(Work item): From the entries that follow, reproduce exactly and only the lines from the line with "ادعم أوكرانيا بشراء" to the line with "Metal Wall Hook", endpoints included.

(Entries shown):

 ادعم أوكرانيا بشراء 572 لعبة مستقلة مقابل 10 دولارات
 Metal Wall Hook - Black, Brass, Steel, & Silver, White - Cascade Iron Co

==

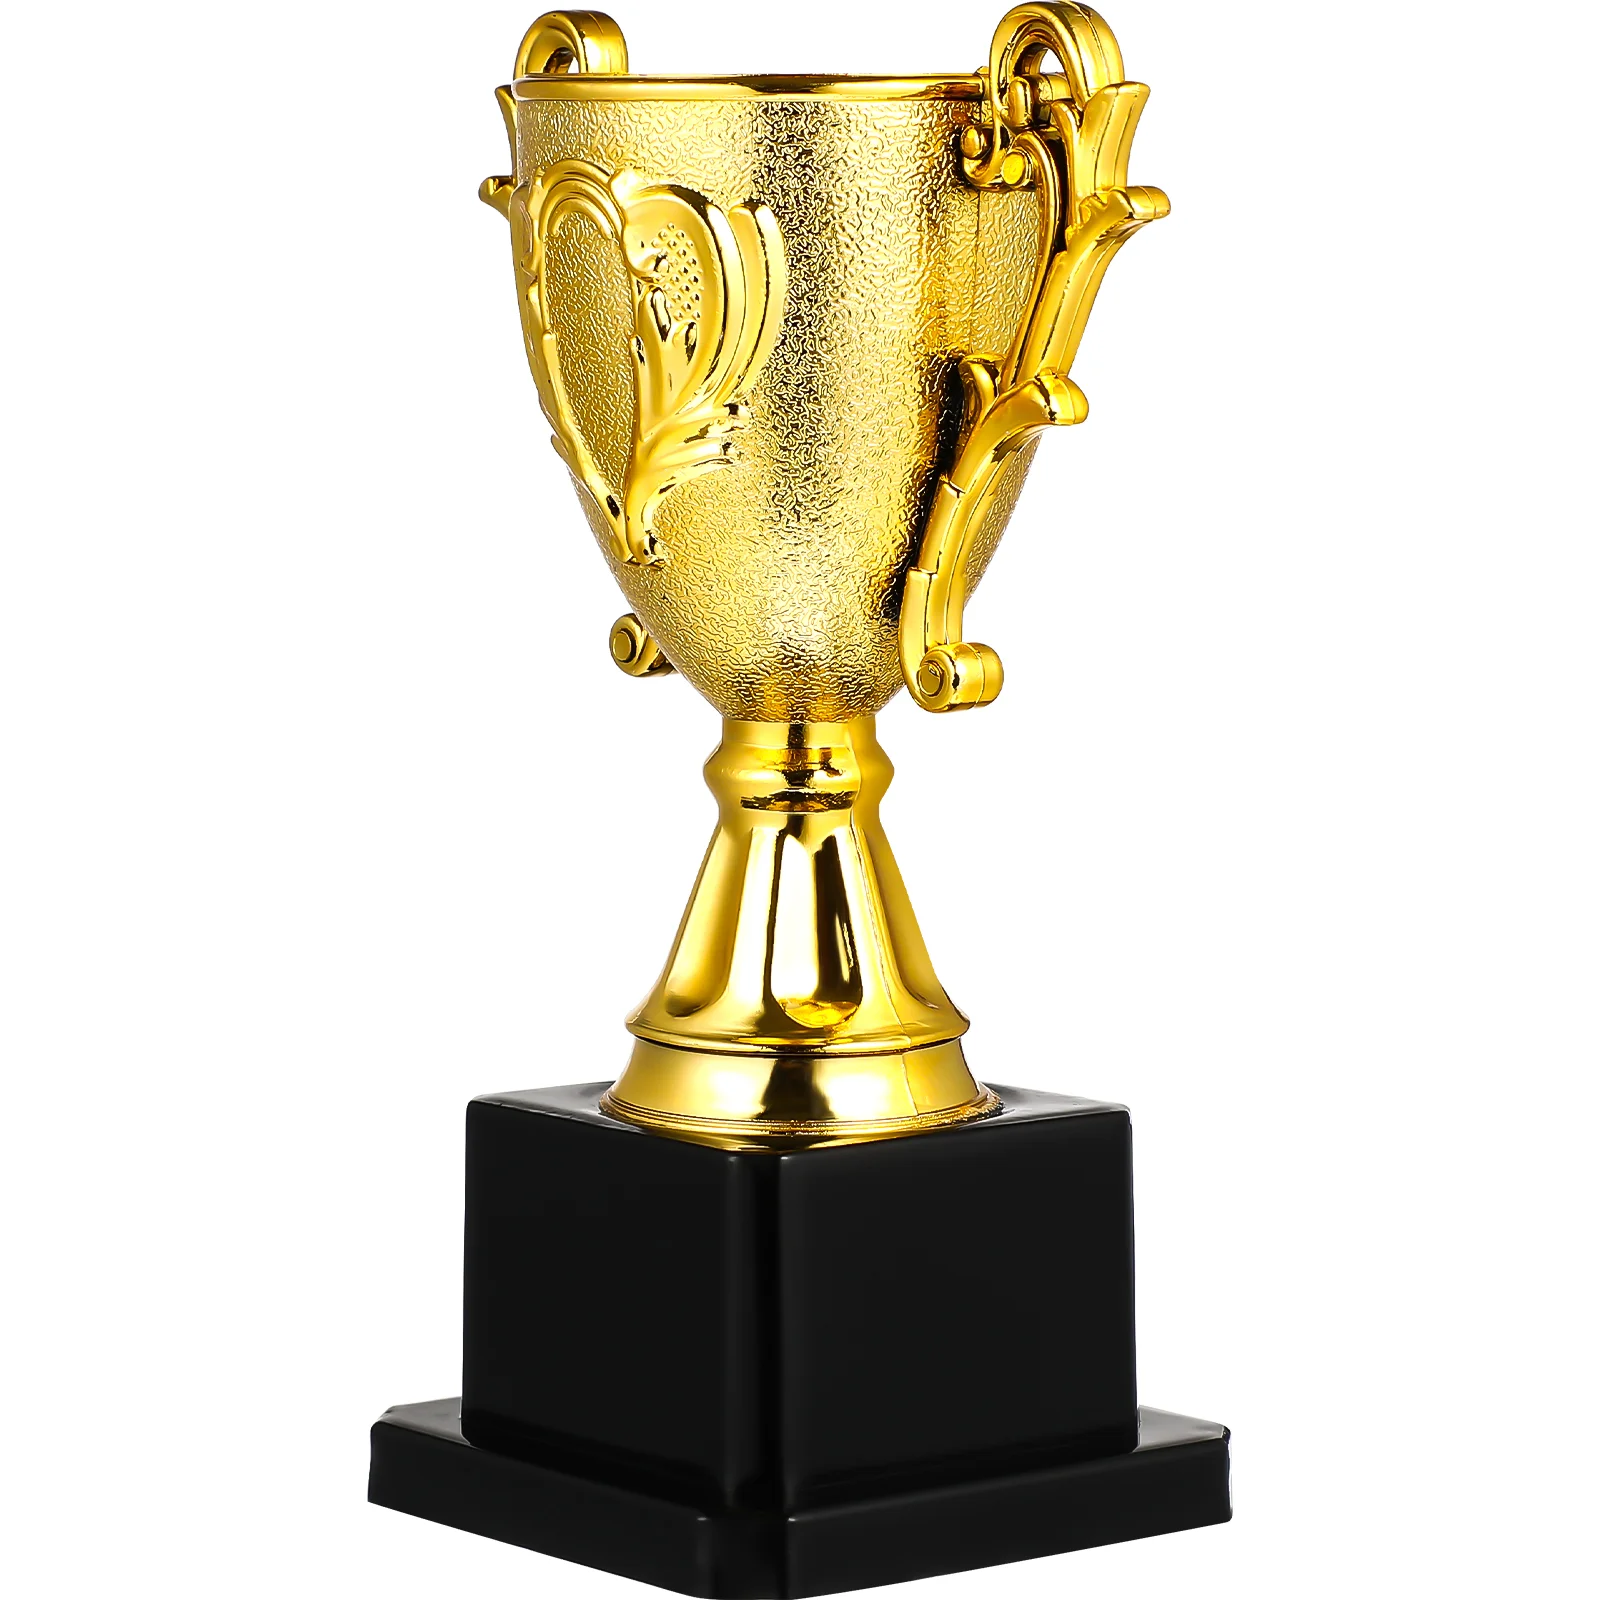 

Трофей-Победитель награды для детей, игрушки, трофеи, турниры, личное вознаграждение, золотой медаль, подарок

(Reply to the task):
 ادعم أوكرانيا بشراء 572 لعبة مستقلة مقابل 10 دولارات
 Metal Wall Hook - Black, Brass, Steel, & Silver, White - Cascade Iron Co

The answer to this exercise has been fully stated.